There are many types of Cupping therapy, but all of them create a vacuum to lift and decompress the body. This is why Cupping is called “Deep Tissue massage in the opposite direction.”
When a massage therapist uses Cupping, they are able to both push and pull on your muscles, effectively doubling the treatment.
Just like massage, Cupping should feel good and the pressure is adjustable from very light to very intense to suit the client’s preference.
But there's a lot more to cupping than just that... Let's review the research, learn how Cupping is done and what it's good for, and examine those bizarre and inconsistent marks it can leave.
The History of Cupping
Most people think of Cupping as part of Traditional Chinese Medicine, where there’s the famous saying: “Acupuncture and cupping, more than half of the ills cured.” But the practice is much larger than China. Eastern Europe, the Middle East, and Latin America have practiced Cupping throughout history.
The oldest written reference to Cupping comes from 1550 BC, in the Egyptian medical textbook Papyrus Ebers.
The Greeks practiced fire Cupping with clay pots, Hippocrates and Galen both being advocates.
The Prophet Muhammed said “Hijama (Cupping) is the most helpful procedure for human beings to cure themselves” (Sahih al-Bukhari º5357).

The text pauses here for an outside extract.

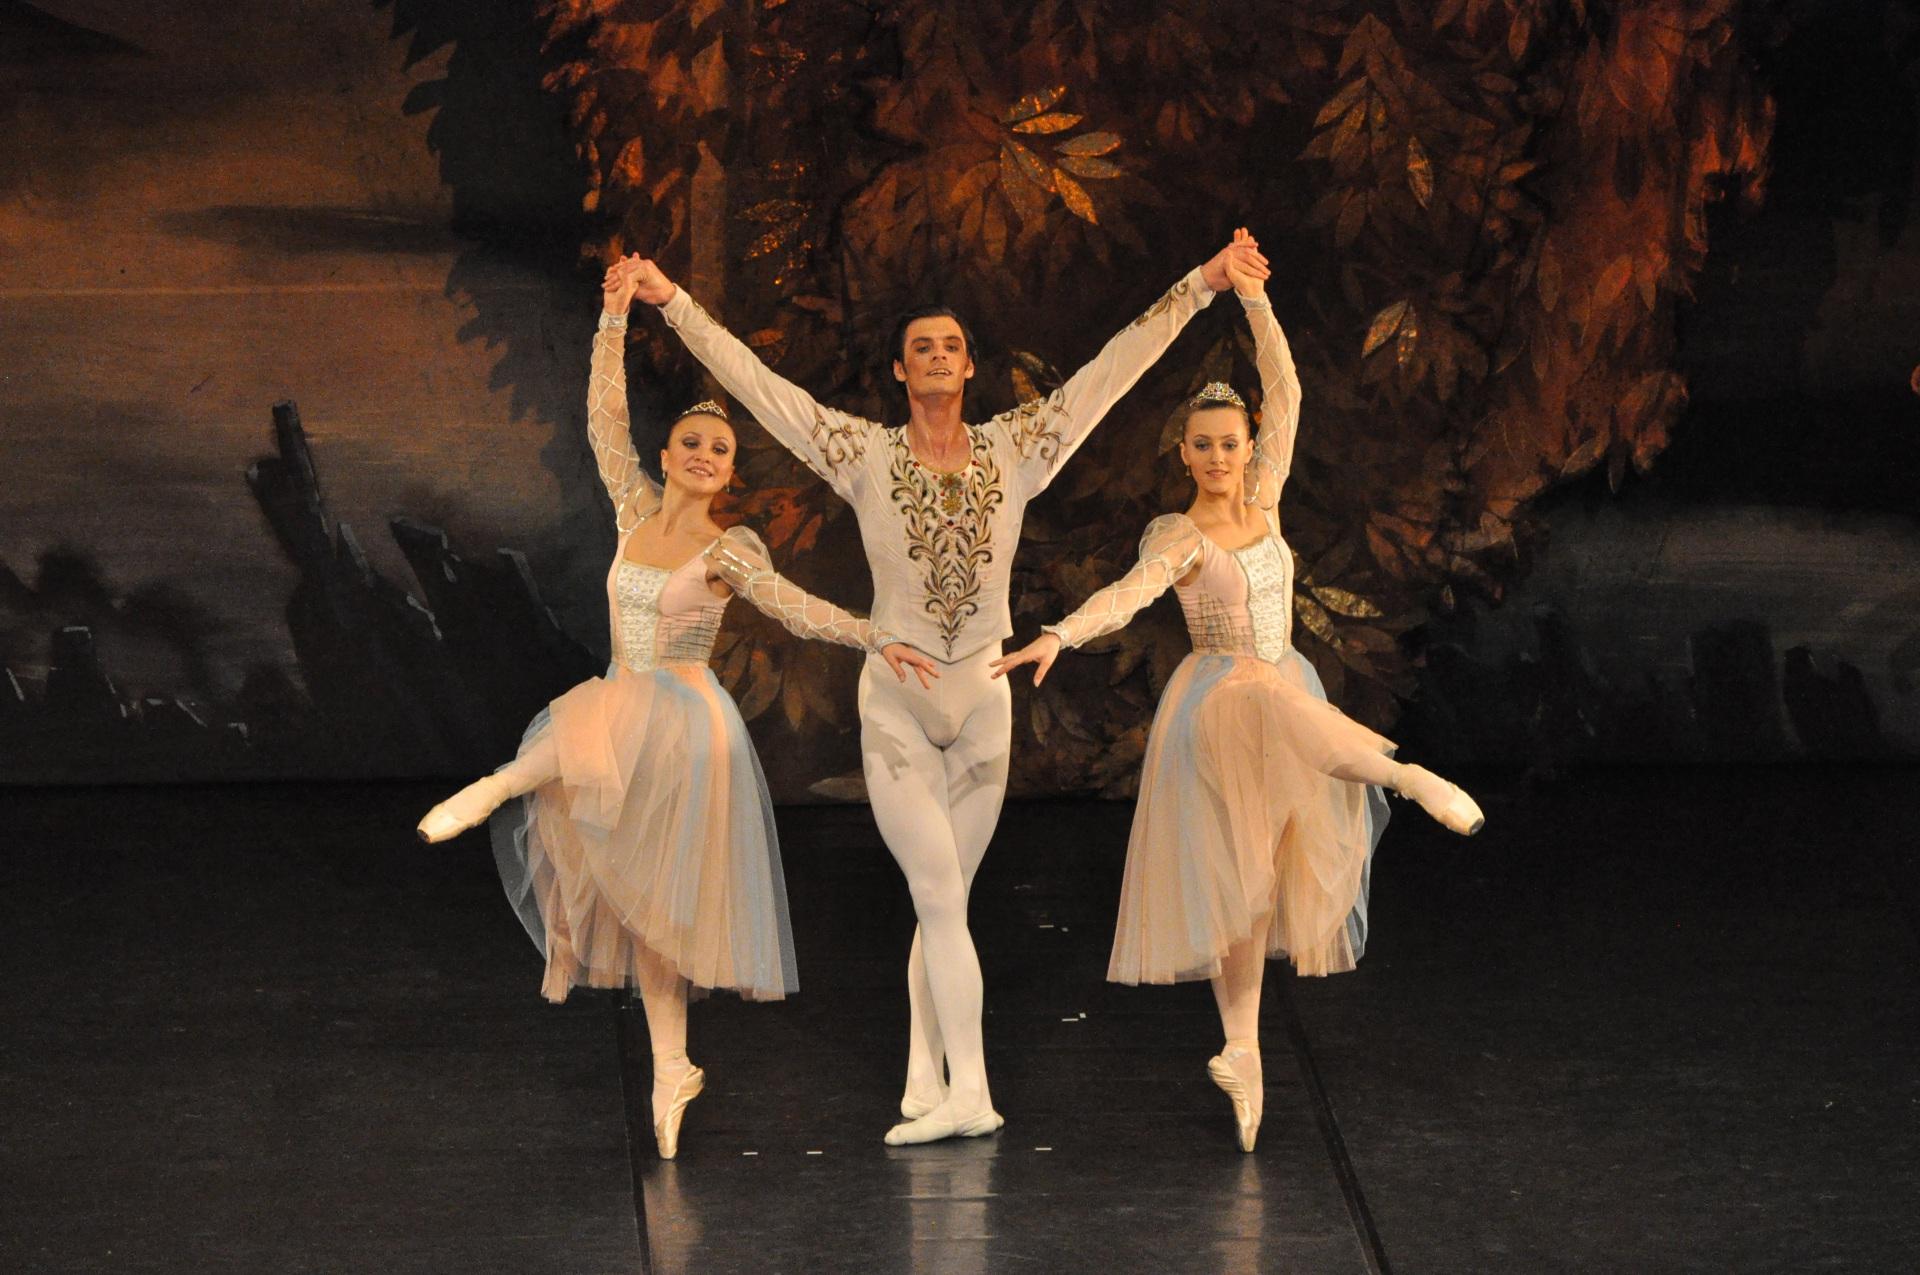 Театр оперы и балета Коми откроет юбилейный 60-й сезон 21 сентября

Older practices often used Cupping as a spiritual or religious practice for purification, as well as treatment for disease, organs, and muscle pain. Various peoples used fire, acupuncture needles, and even blood letting in combination with the cups. Wow!
In the U.S., Cupping has only recently gained popularity, from physical therapists and chiropractors who found the myofascial decompression to be a great tool for treating soft tissues like muscles and fascia.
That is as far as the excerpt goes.